**Material provided:**
Segment Open

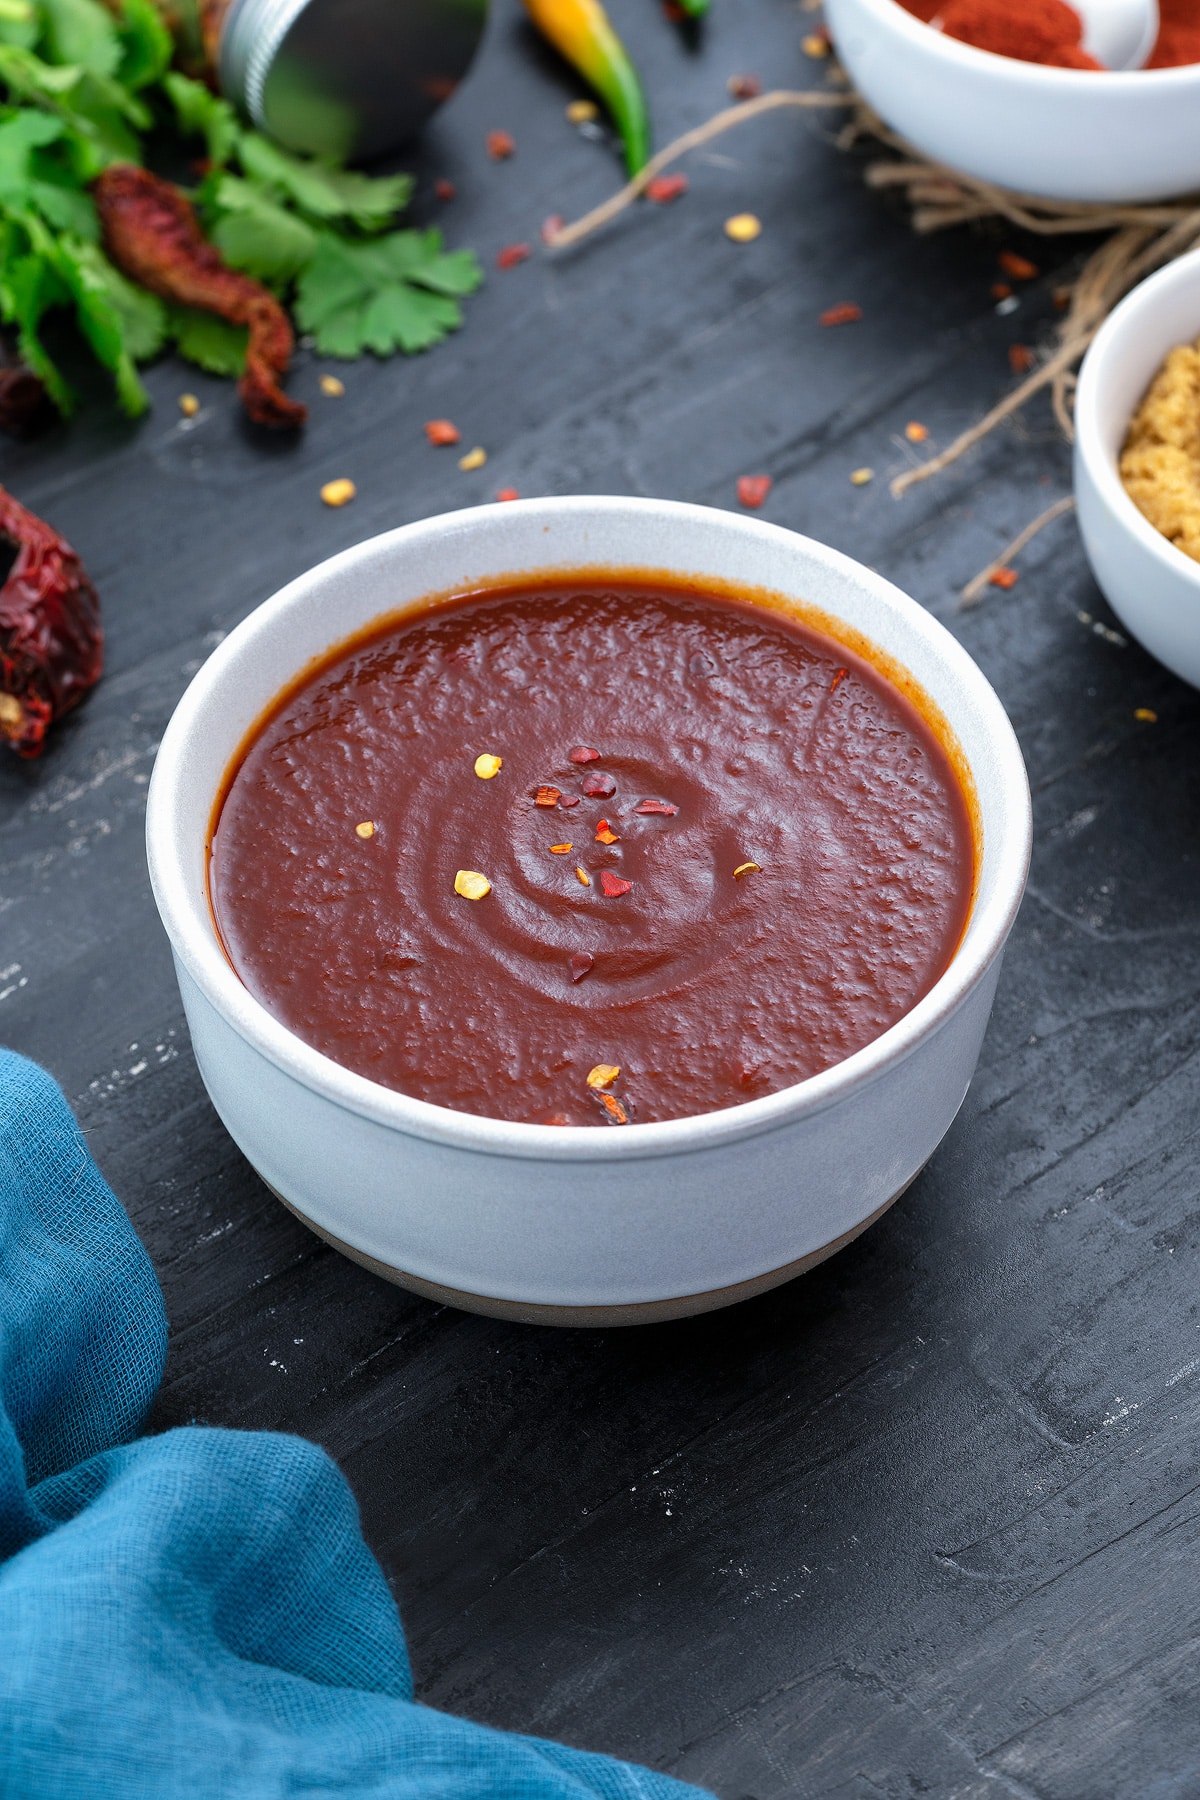 Spicy homemade chili sauce in a white bowl on a grey table with few ingredients around.
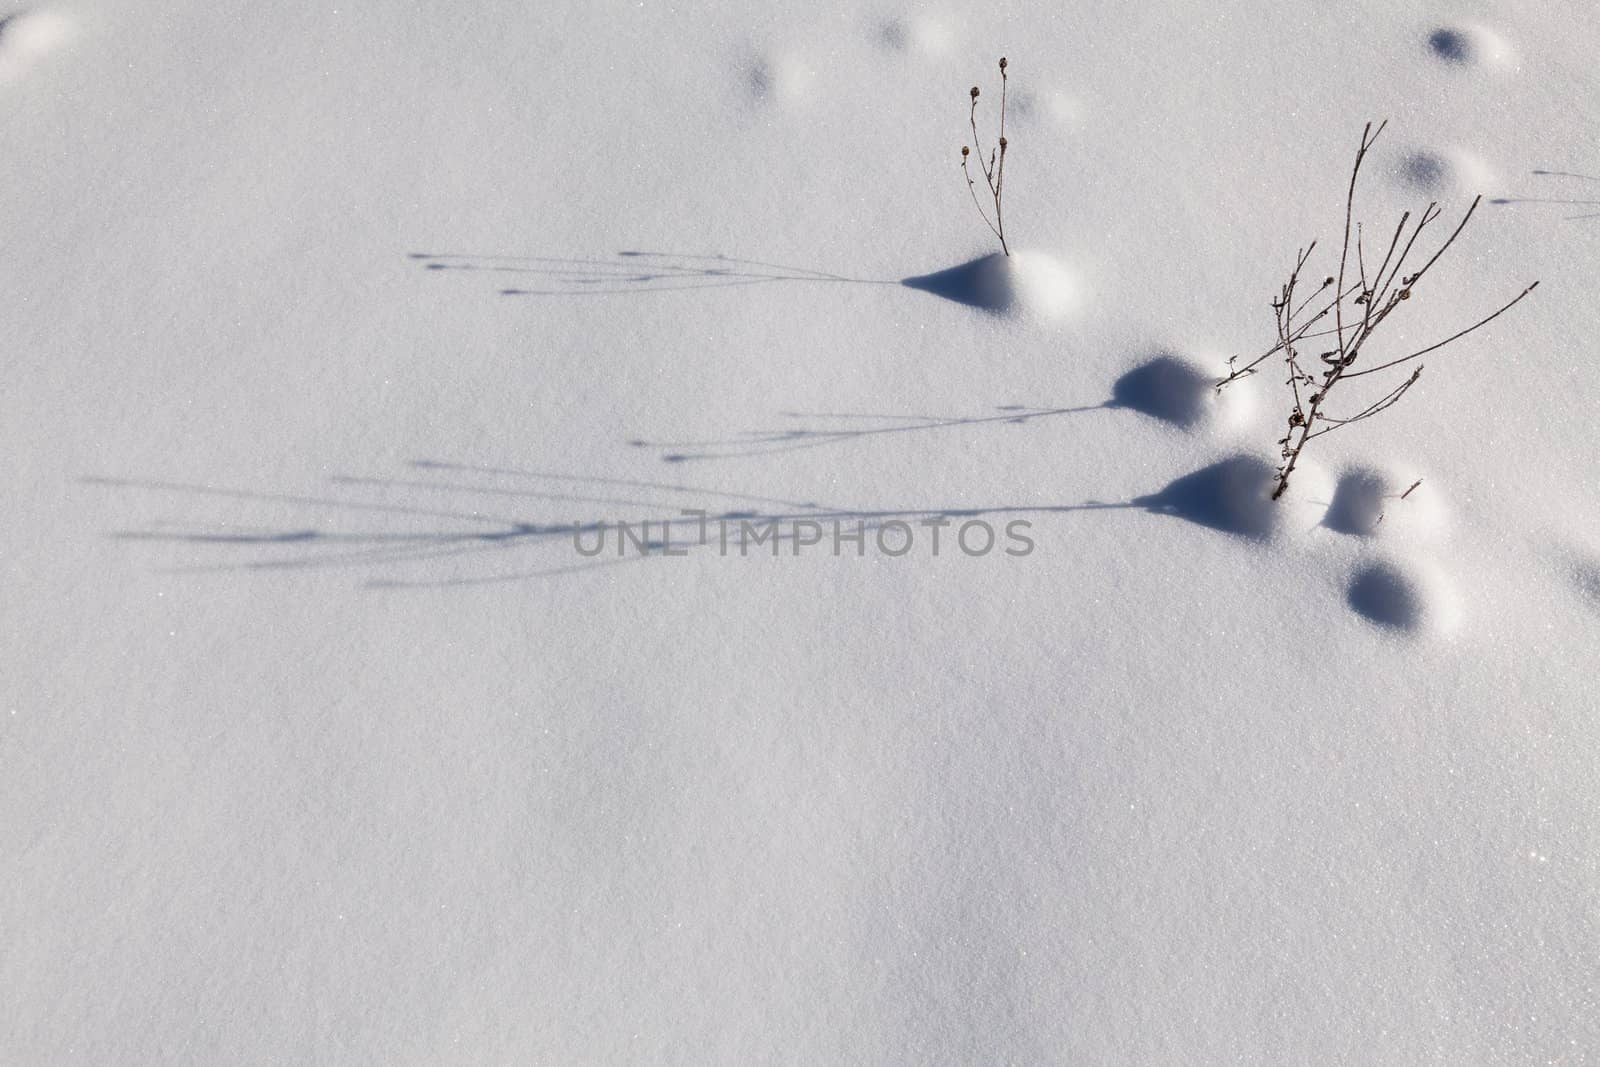 Image of snowbound field with plants casting shadows. Outdoor photo
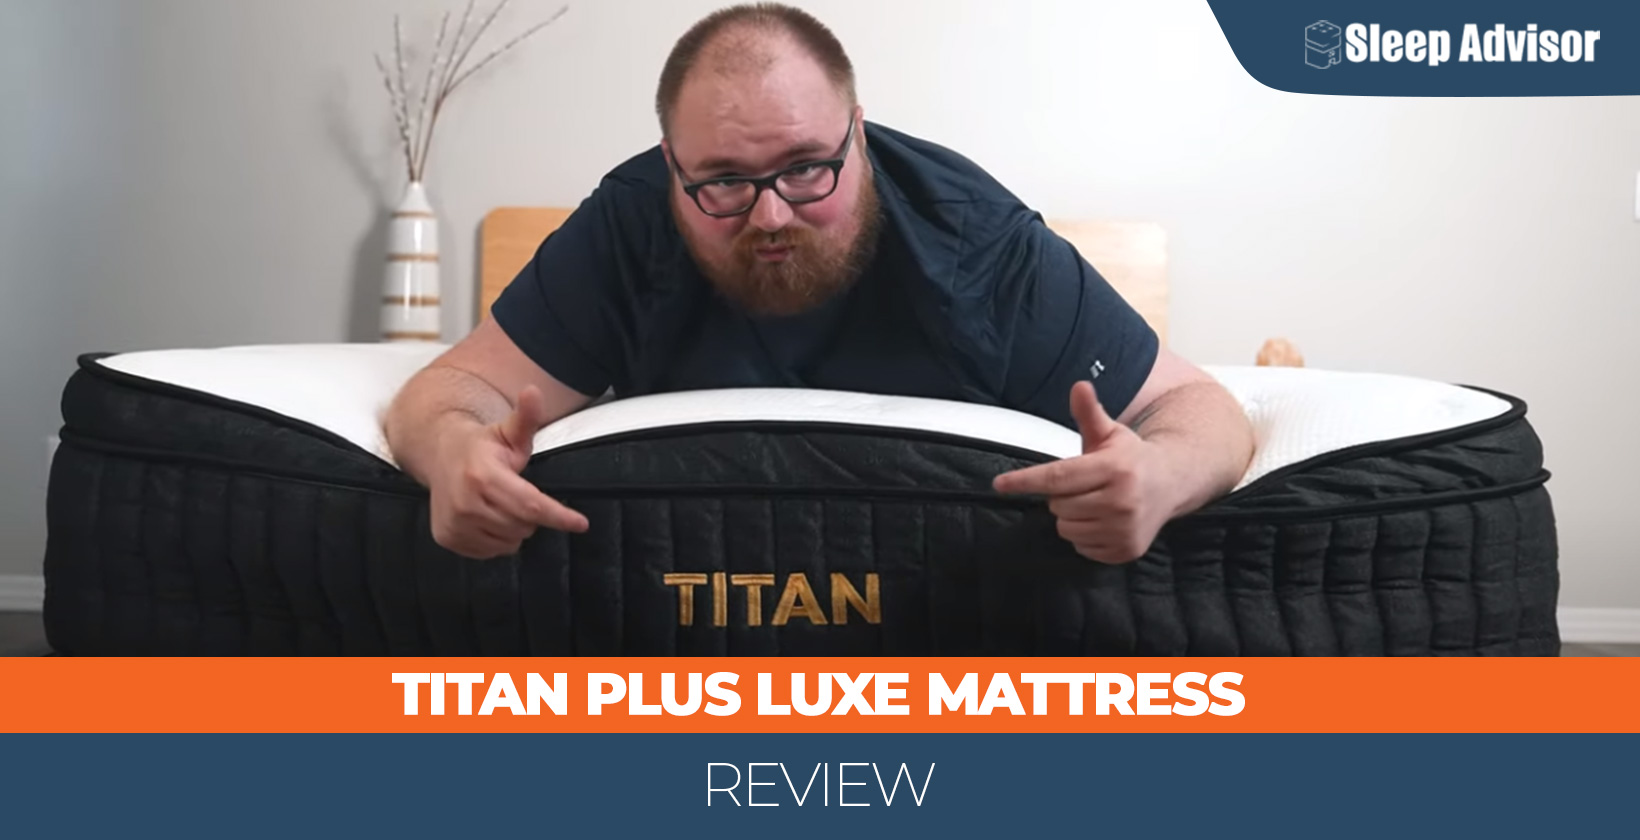 Our in depth Titan Plus Luxe Mattress overview
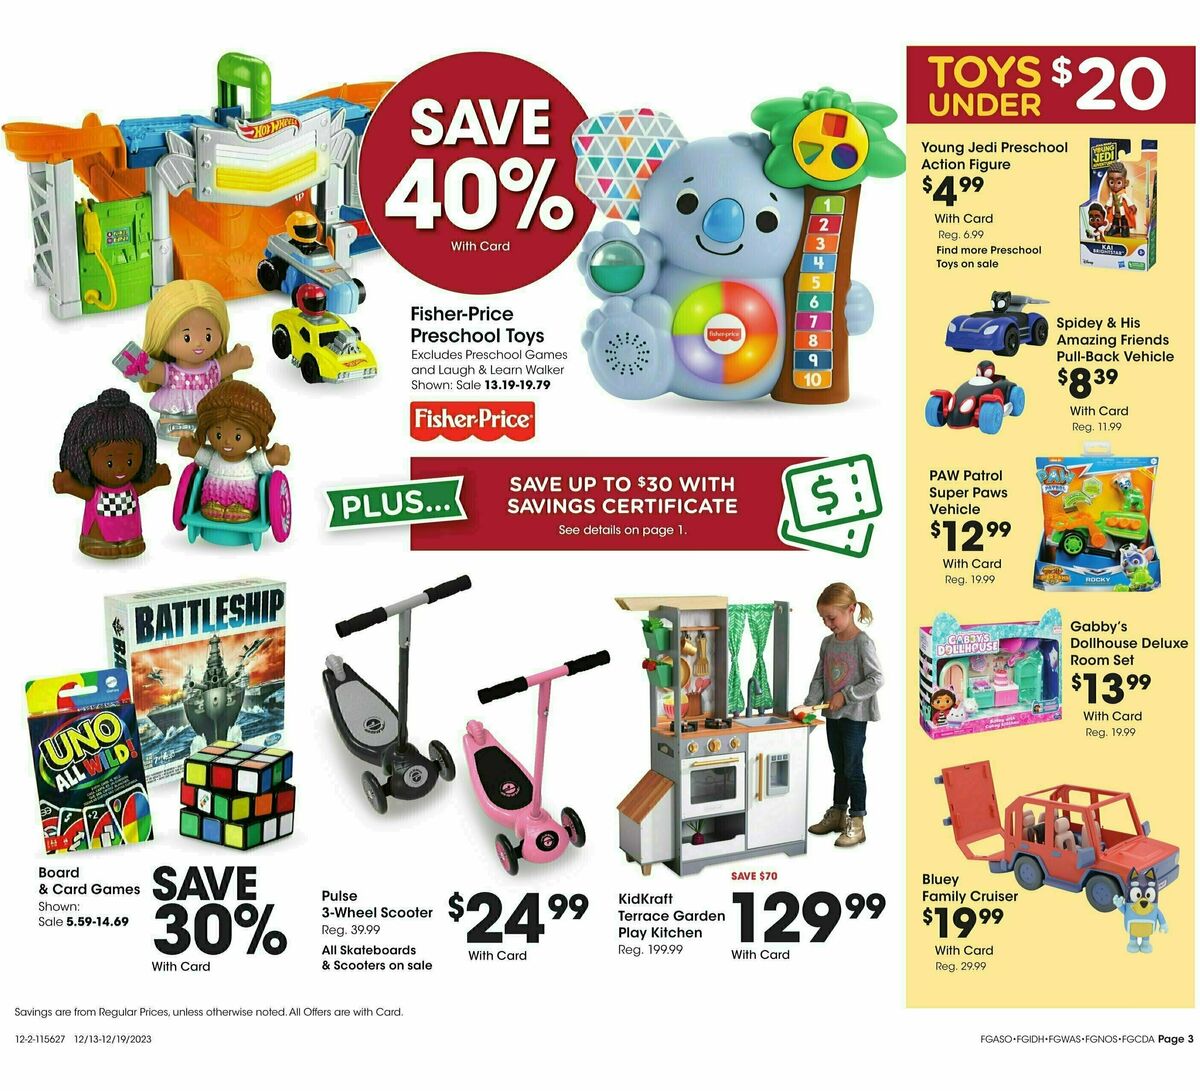 Fred Meyer General Merchandise Weekly Ad from December 13

Segment Closed

**Exercise description:**
Only the lines from the one with "Image of snowbound" through the last line above belong in the answer. Reproduce them exactly, without the pictures.

**The answer:**
 Image of snowbound field with plants casting shadows. Outdoor photo
 Our in depth Titan Plus Luxe Mattress overview
 Fred Meyer General Merchandise Weekly Ad from December 13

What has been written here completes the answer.